Foto: Ricardo Stuckert/PR
O presidente Luiz Inácio Lula da Silva (PT) defendeu publicamente a exploração de petróleo na margem equatorial do Amapá, região localizada a cerca de 500 quilômetros da foz do rio Amazonas. A declaração foi feita durante um evento realizado na tarde desta segunda-feira (18), na Refinaria de Paulínia (Replan), no interior de São Paulo. "Vamos no Amapá, tirar o nosso pré-sal da Margem Equatorial", disse Lula ao se dirigir diretamente à presidente da Petrobras, Magda Chambriard, presente no evento.
Desde que o governo Lula demonstrou interesse em explorar o potencial da Margem Equatorial, ambientalistas têm manifestado preocupação com os riscos de eventuais vazamentos que poderiam impactar a bacia do Rio Amazonas.
Em resposta às contestações, Lula rebateu as críticas: "Quando alguém fala que não pode mexer porque a Amazônia... Ninguém tem mais cuidado com a Amazônia que nós.

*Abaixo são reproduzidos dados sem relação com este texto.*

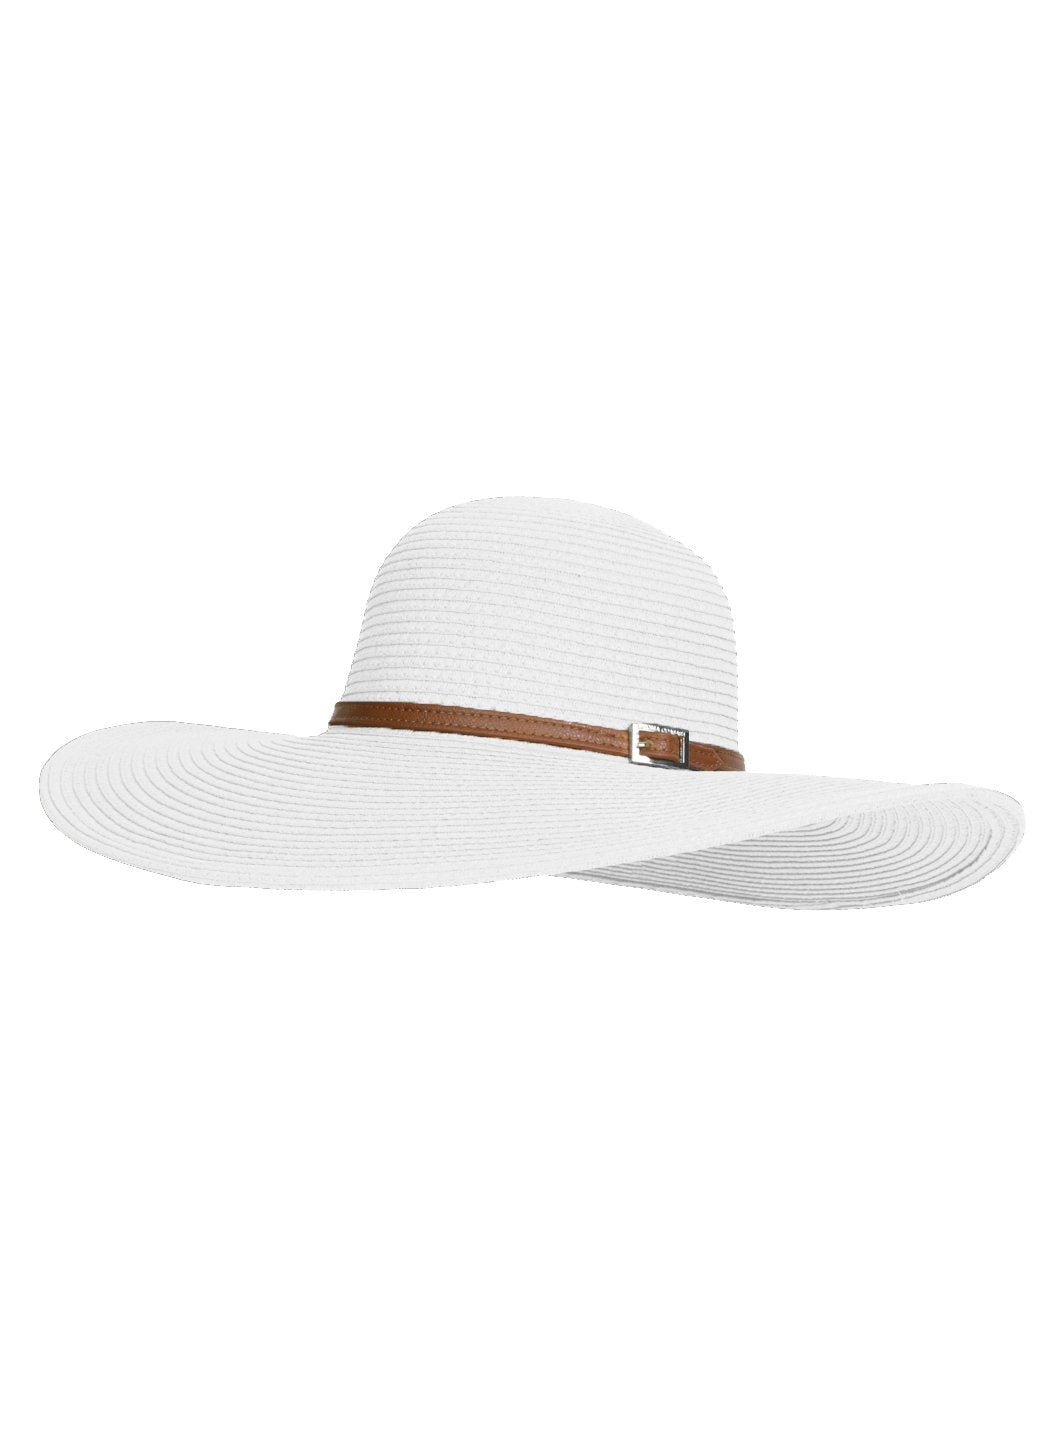 Melissa Odabash Jemima Wide Brim Sun Hat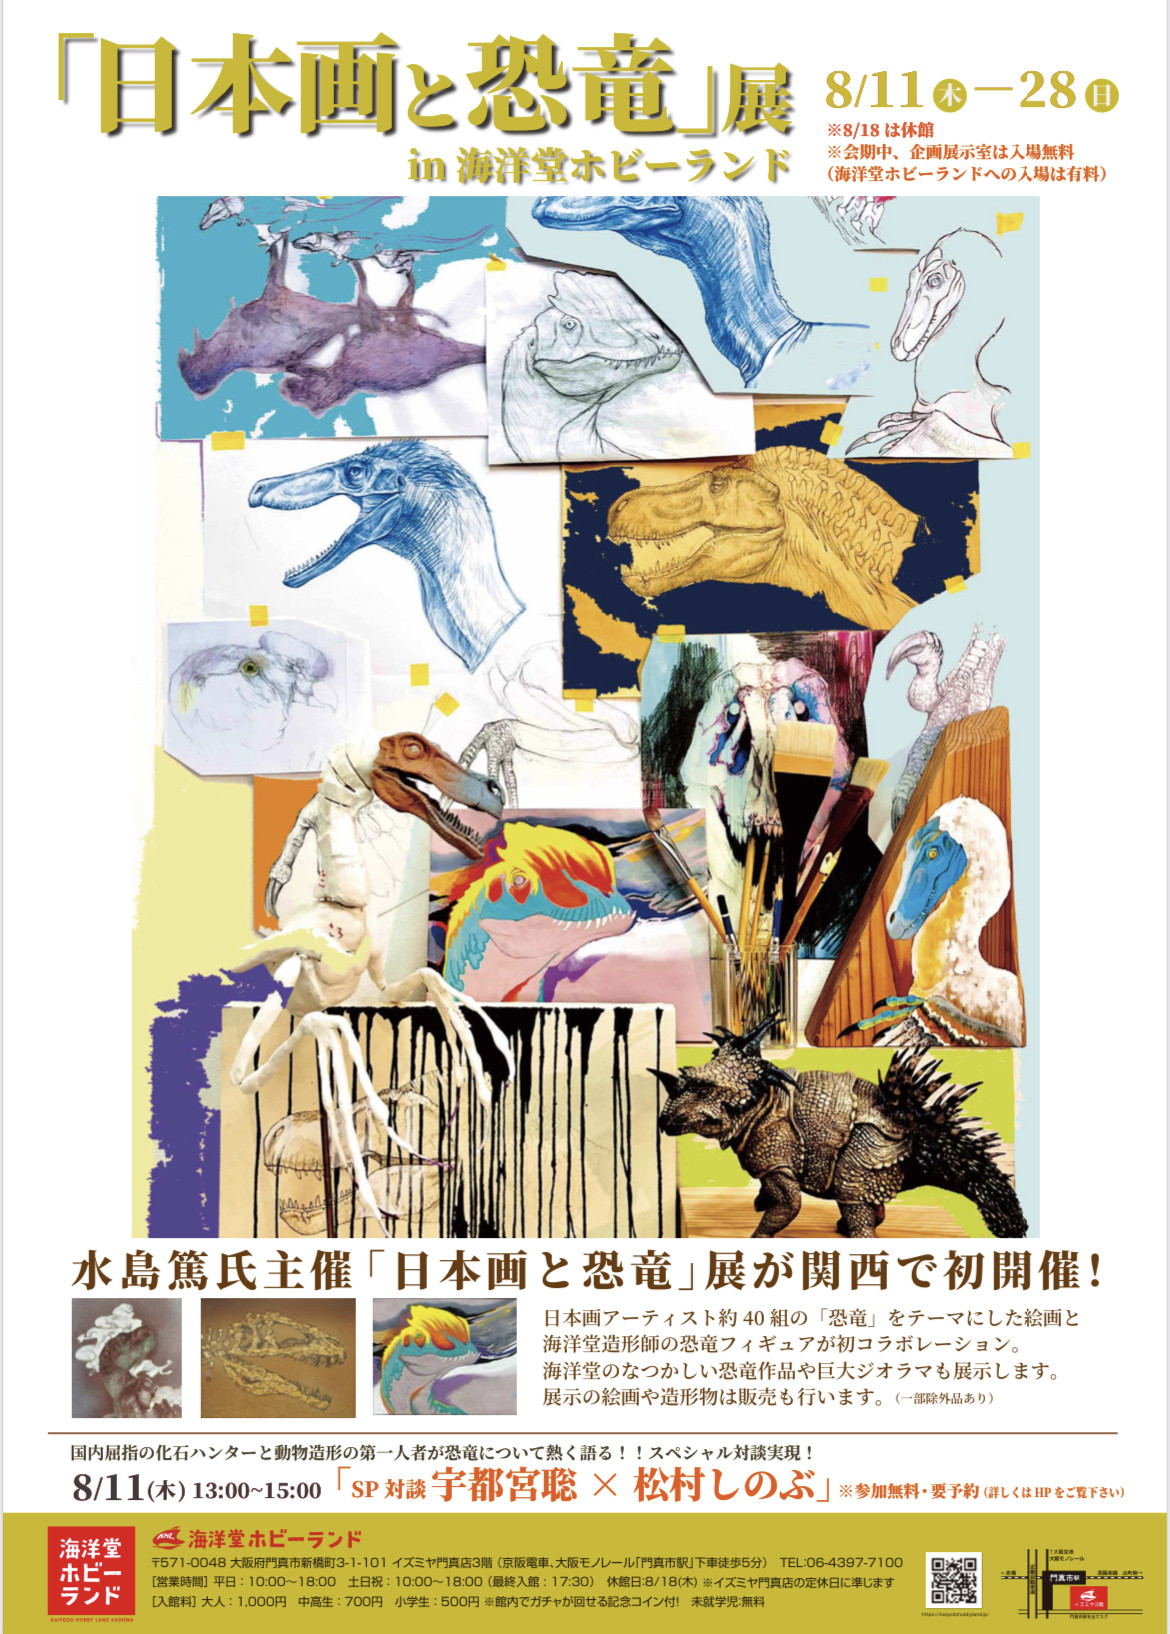 【「日本画と恐竜」展 in 海洋堂ホビーランド】8/11(木)〜28(日)

Ninguém tem mais cuidado!".
A exploração na região também não é consenso dentro da própria base do governo. Marina Silva, um dos nomes indicados por Lula para concorrer ao Senado por São Paulo, defendeu, quando ocupava o Ministério do Meio Ambiente, que a autorização para a exploração de petróleo na área não deveria ser uma decisão política, mas sim técnica, a ser tomada pelo Ibama.
Ao justificar sua posição, Lula reforçou: "A gente vai fazer com a maior responsabilidade do mundo, mas a gente não pode deixar uma riqueza que está há quase 500 km de distância da nossa margem". Na sequência, o presidente voltou a criticar o presidente dos Estados Unidos, Donald Trump, com ironia: "Daqui a pouco o Trump vem e acha que é dele. Ele achou que o Canadá era ele, que a Groenlândia era dele, que o Golfo do México era dele, que o canal do Panamá era dele. Ele não vai dizer que a Margem Equatorial é dele também?". Lula ainda acrescentou: "Nós vamos ocupar. Explorar petróleo com a maior responsabilidade e fazer com que esse dinheiro seja revertido para garantir o futuro desse país".
As declarações foram feitas durante o anúncio de um investimento da Petrobras de R$ 37 bilhões no estado de São Paulo até 2030, que, segundo o governo federal, deverá gerar 38 mil postos de trabalho diretos e indiretos. Na ocasião, Lula estava acompanhado da presidente da estatal, Magda Chambriard, e de outros integrantes do primeiro escalão do governo federal.